[whatwg] Default encoding to UTF-8? from Leif Halvard Silli on 2011-12-05 (public-whatwg-archive@w3.org from December 2011)

From: Leif Halvard Silli <xn--mlform-iua@xn--mlform-iua.no>
Date: Mon, 5 Dec 2011 18:42:39 +0100
Message-ID: <20111205184239429135.57045eb9@xn--mlform-iua.no>
L. David Baron on Wed Nov 30 18:29:31 PST 2011:
> On Wednesday 2011-11-30 15:28 -0800, Faruk Ates wrote:
>> My understanding is that all browsers* default to Western Latin
>> (ISO-8859-1) encoding by default (for Western-world
>> downloads/OSes) due to legacy content on the web. But how relevant
>> is that still today? Has any browser done any recent research into
>> the need for this?
> 
> The default varies by localization (and within that potentially by
> platform), and unfortunately that variation does matter.  You can
> see Firefox's defaults here:
> http://mxr.mozilla.org/l10n-mozilla-beta/search?string=intl.charset.default
> (The localization and platform are part of the filename.)

Last I checked, some of those locales defaulted to UTF-8. (And HTML5 
defines it the same.) So how is that possible? Don't users of those 
locales travel as much as you do? Or do we consider the English locale 
user's as more important? Something is broken in the logics here!

> I changed my Firefox from the ISO-8859-1 default to UTF-8 years ago
> (by changing the "intl.charset.default" preference), and I do see a
> decent amount of broken content as a result (maybe I encounter a new
> broken page once a week? -- though substantially more often if I'm
> looking at non-English pages because of travel).

What kind of trouble are you actually describing here? You are 
describing a problem with using UTF-8 for *your locale*. What is your 
locale? It is probably English. Or do you consider your locale to be 
'the Western world locale'? It sounds like *that* is what Anne has in 
mind when he brings in Dutch: 
http://blog.whatwg.org/weekly-encoding-woes (Quite often it sounds as 
if some see Latin-1 - or Windows-1251 as we now should say - as a 
'super default' rather than a locale default. If that is the case, that 
it is a super default, then we should also spec it like that! Until 
further, I'll treat Latin-1 as it is specced: As a default for certain 
locales.)

Since it is a locale problem, we need to understand which locale you 
have - and/or which locale you - and other debaters - think they have. 
Faruk probably uses a Spanish locale - right?, so the two of you are 
not speaking out of the same context. 

However, you also say that your problem is not so much related to pages 
written for *your* locale as it is related for pages written for users 
of *other* locales. So how many times per year do Dutch, Spanish or 
Norwegian  - and other non-English pages - are creating troubles for 
you, as a English locale user? I am making an assumption: Almost never. 
You don't read those languages, do you? 

This is also an expectation thing: If you visit a Russian page in a 
legacy Cyrillic encoding, and gets mojibake because your browser 
defaults to Latin-1, then what does it matter to you whether your 
browser defaults to Latin-1 or UTF-8? Answer: Nothing. 

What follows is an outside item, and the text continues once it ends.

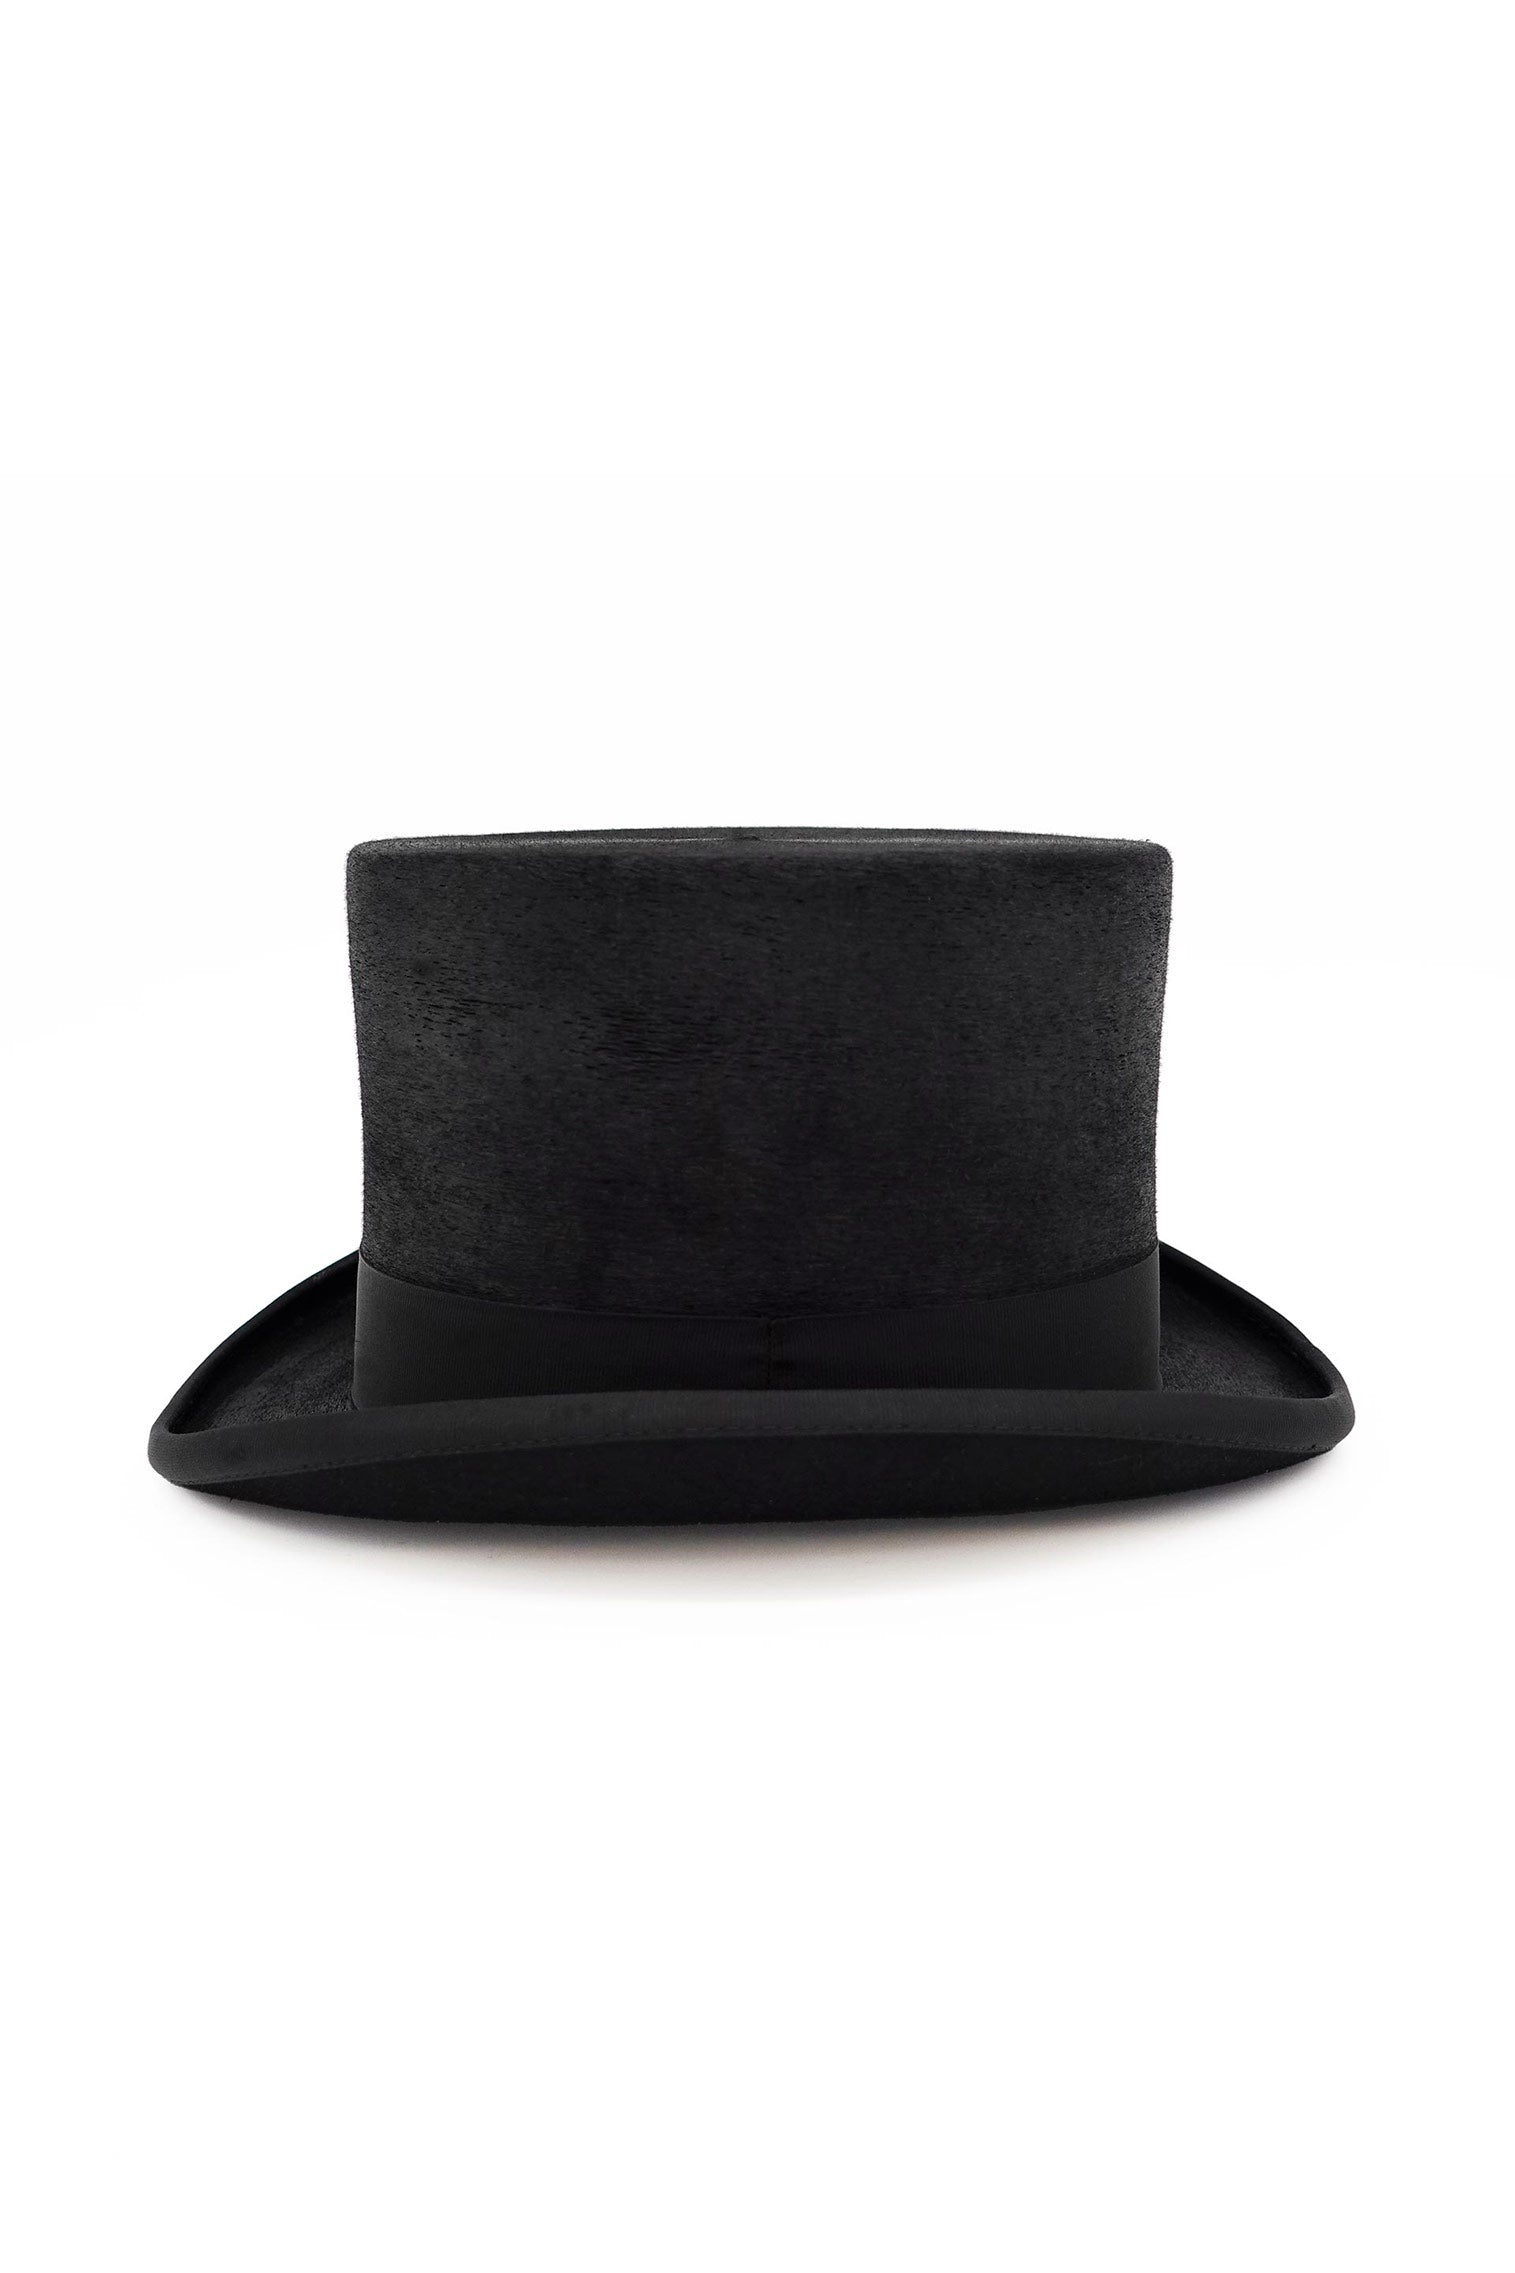 Mayfair Top Hat -  - Lock & Co. Hatters London UK

>> I'm wondering if it might not be good to start encouraging
>> defaulting to UTF-8, and only fallback to Western Latin if it is
>> detected that the content is very old / served by old
>> infrastructure or servers, etc. And of course if the content is
>> served with an explicit encoding of Western Latin.
> 
> The more complex the rules, the harder they are for authors to
> understand / debug.  I wouldn't want to create rules like those.

Agree that that particular idea is probably not the best.
 
> I would, however, like to see movement towards defaulting to UTF-8:
> the current situation makes the Web less world-wide because pages
> that work for one user don't work for another.
> 
> I'm just not quite sure how to get from here to there, though, since
> such changes are likely to make users experience broken content.

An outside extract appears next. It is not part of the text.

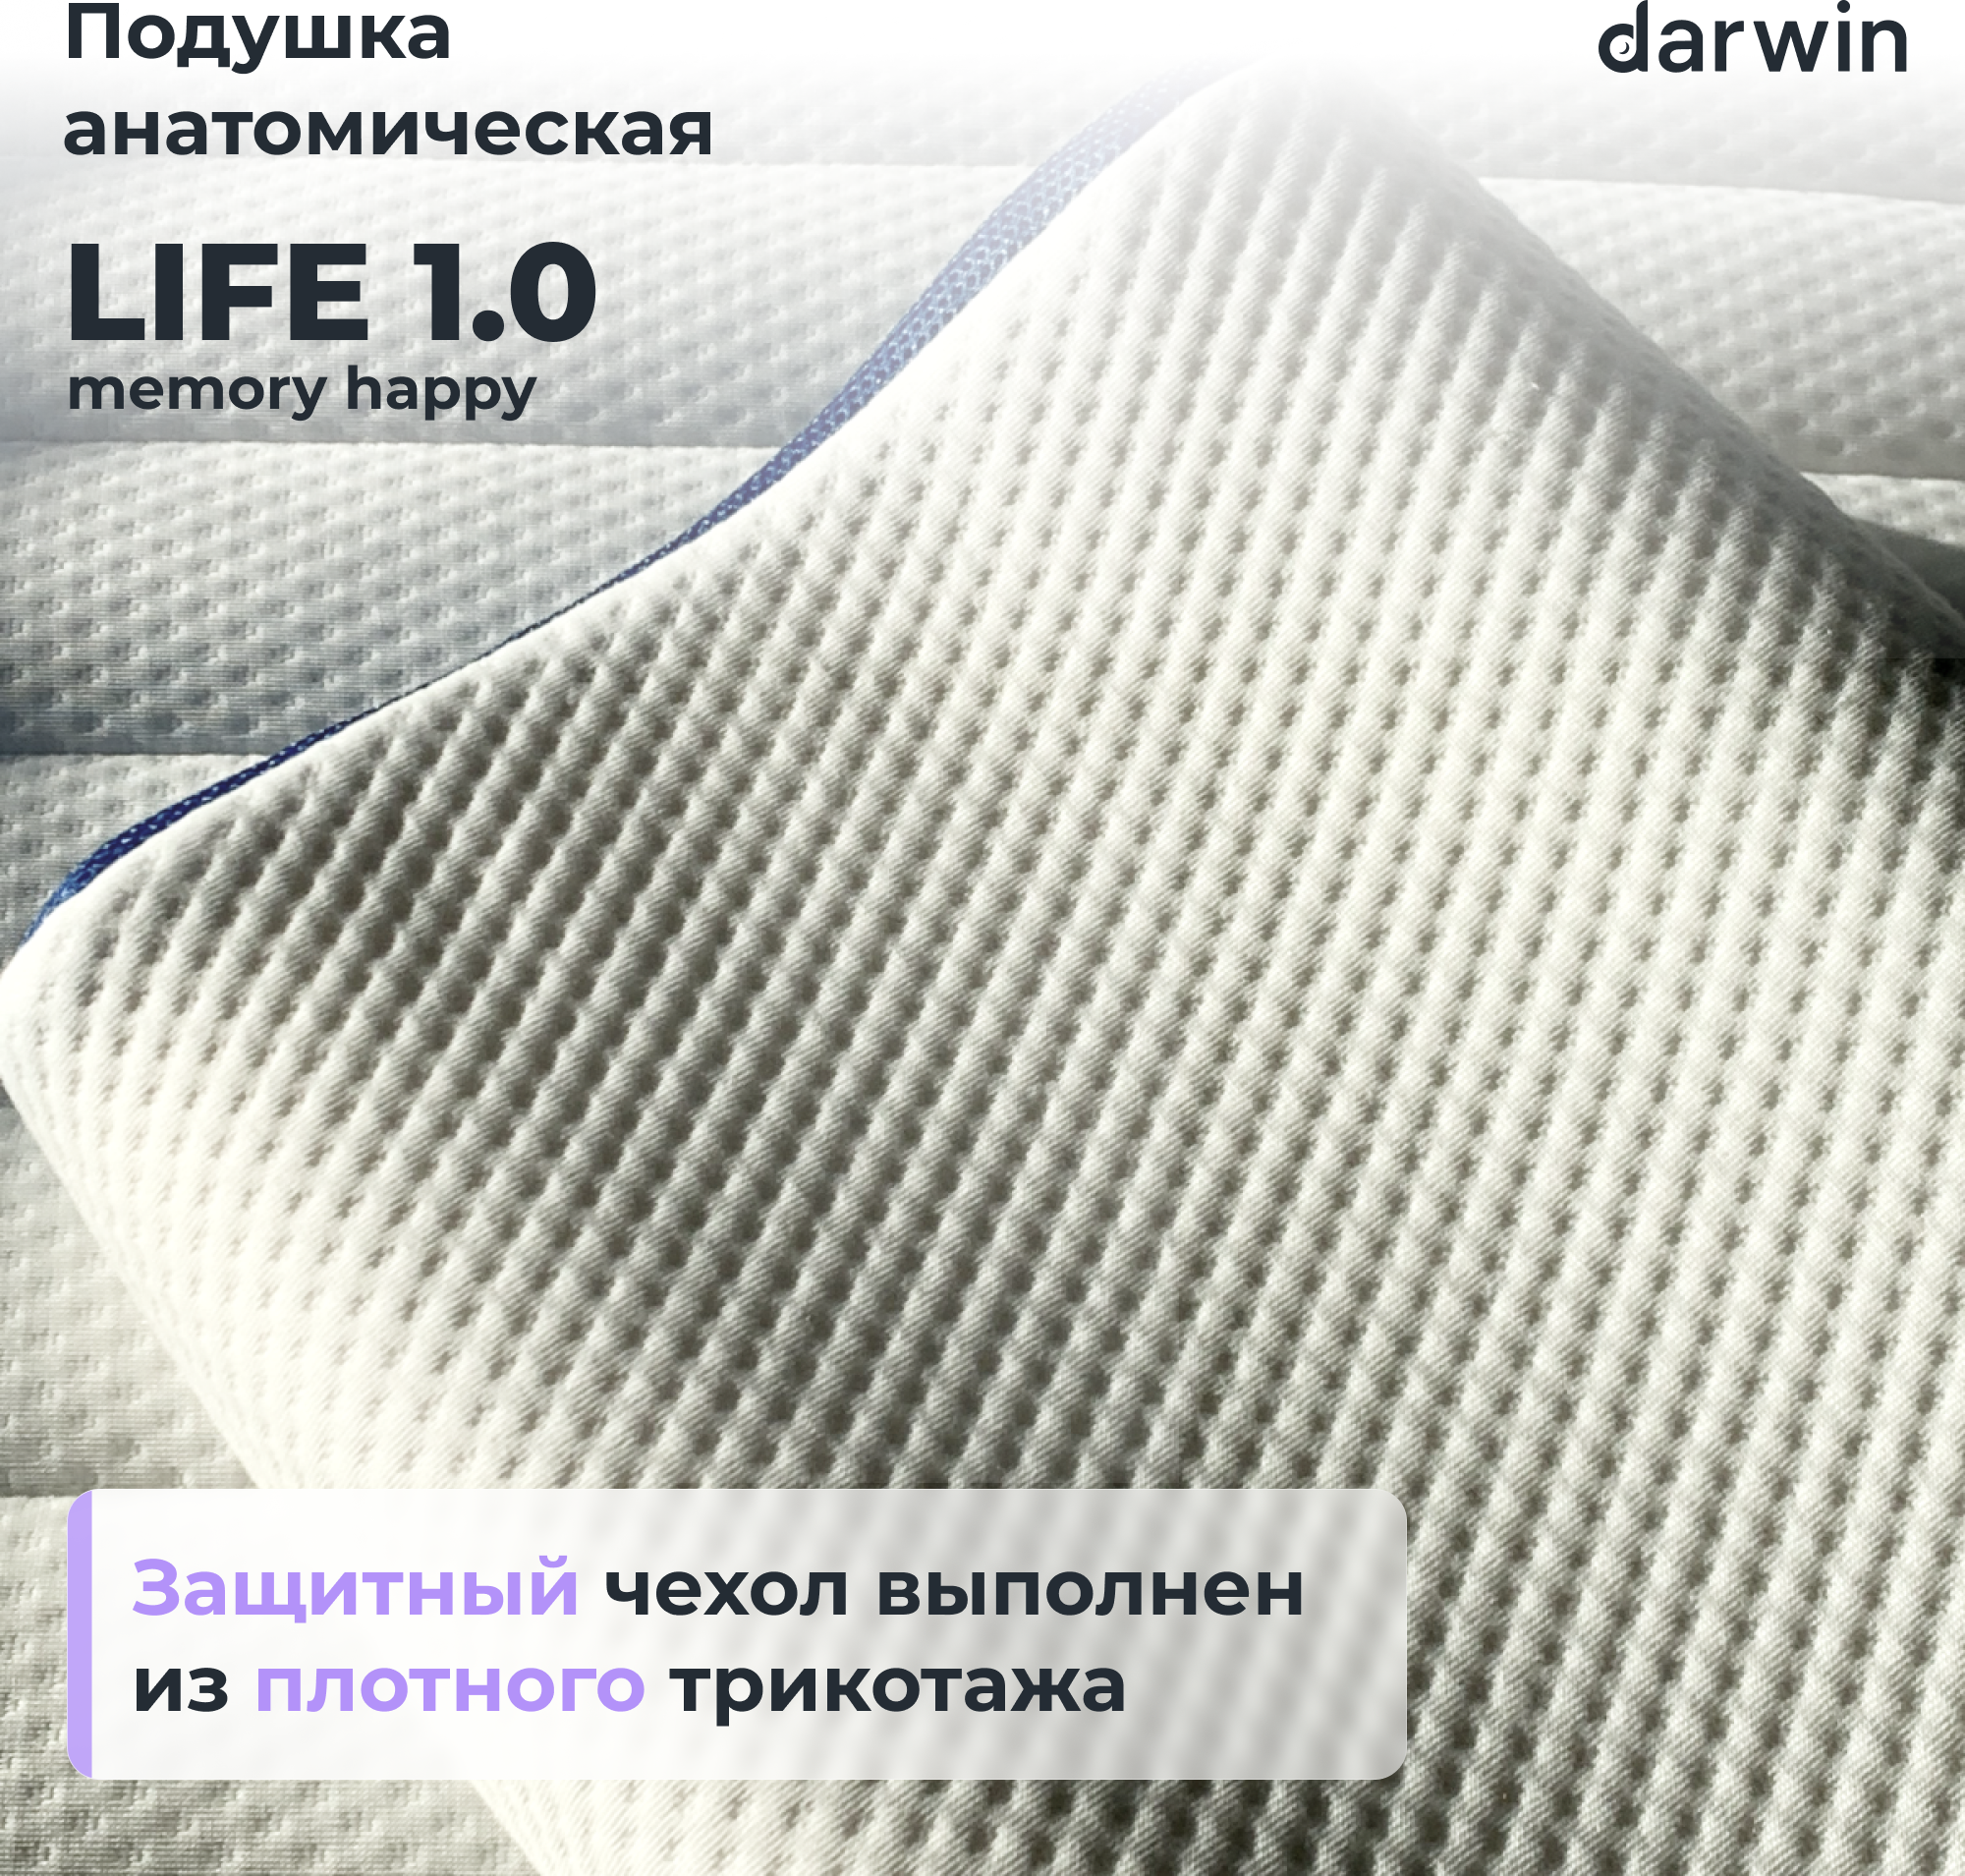 Подушка ортопедическая для сна Darwin Life 1.0 Memory Happy c эффектом памяти, анатомическая, 32х60 см, высота 8/11 см - фотография № 3

I think we should 'attack' the dominating locale first: The English 
locale, in its different incarnations (Australian, American, UK). Thus, 
we should turn things on the head: English users should start to expect 
UTF-8 to be used. Because, as English users, you are more used to 
'mojibake' than the rest of us are: Whenever you see it, you 'know' 
that it is because it is a foreign language you are reading. It is we, 
the users of non-English locales, that need the default-to-legacy 
encoding behavior the most. Or, please, explain to us when and where it 
is important that English language users living in their own, native 
lands so to speak, need that their browser default to Latin-1 so that 
they can correctly read English language pages?

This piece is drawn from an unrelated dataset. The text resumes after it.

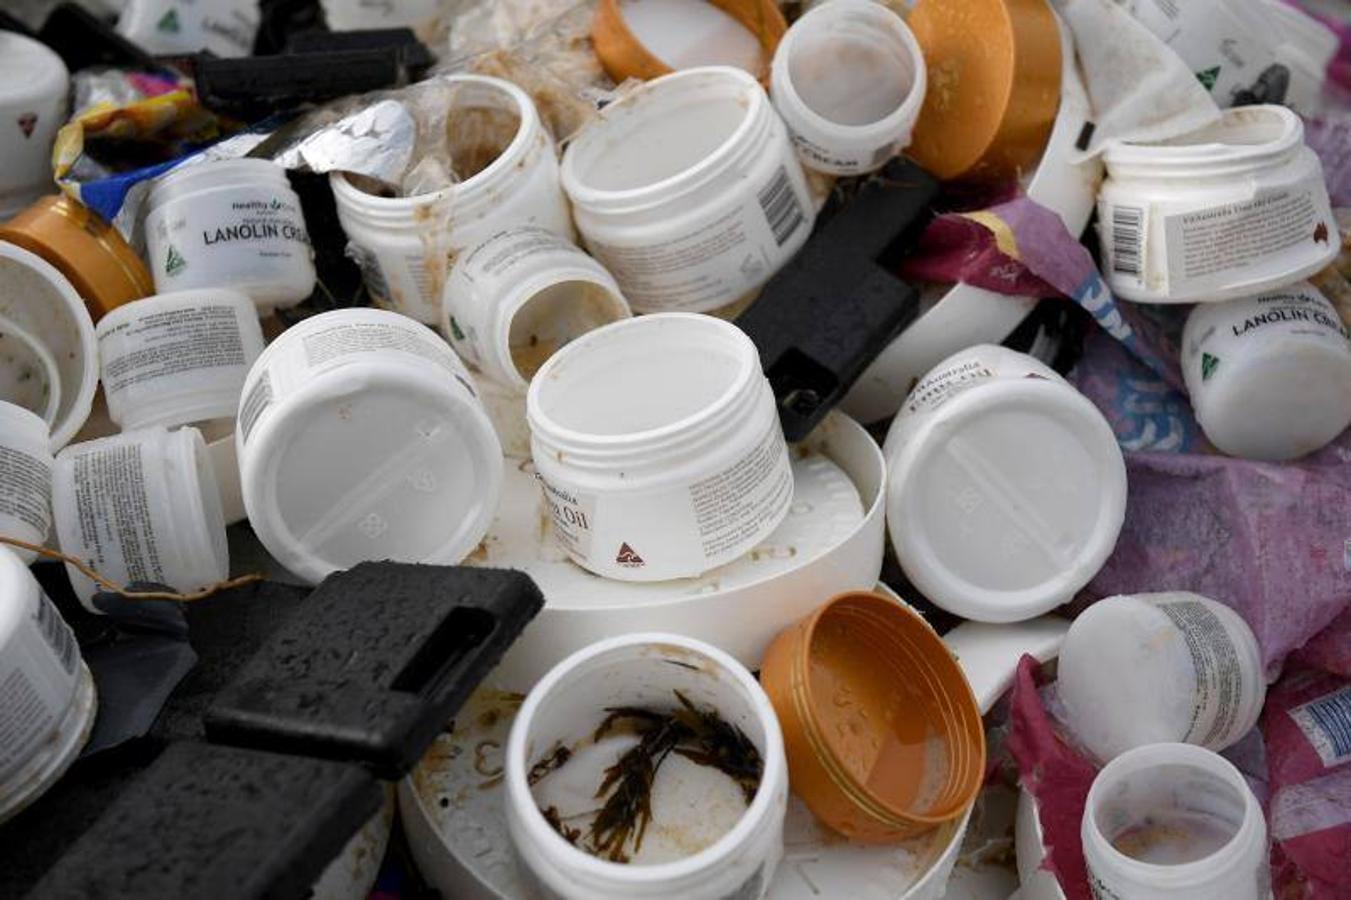 Grupos de limpieza limpian escombros en la playa en Hawks Nest cerca de Port Stephens, Nueva Gales del Sur (Australia). El buque portacontenedores YM Efficiency perdió 83 contenedores por la borda el 1 de junio y la basura de los contenedores se está acumulando en las playas a lo largo de la costa de Australia.

If the English locales start defaulting to UTF-8, then little by 
little, the same expectation etc will start spreading to the other 
locales as well, not least because the 'geeks' of each locale will tend 
to see the English locale as a super default - and they might also use 
the US English locale of their OS and/or browser. We should not 
consider the needs of geeks - they will follow (read: lead) the way, so 
the fact that *they* may see mojibake, should not be a concern.

See? We would have a plan. Or what do you think? Of course, we - or 
rather: the browser vendors - would need to market this as an important 
change. The HTML5 spec already justifies the use of UTF-8 several 
places - it says that pages might not work as expected e.g. w.r.t. 
URLs, unless UTF-8 is used. So there are enough of arguments that can 
be used.

There are other technical ideas I have, such as treating the BOM the 
way Webkit and IE treats it - that would increase the number of pages 
treated as UTF-8 by all browsers a little bit [1]. However that can 
wait or whatever: The most important thing is to *initiate* the default 
encoding change.

[1] https://www.w3.org/Bugs/Public/show_bug.cgi?id=12897

Leif Halvard Silli
Received on Monday, 5 December 2011 09:42:39 UTC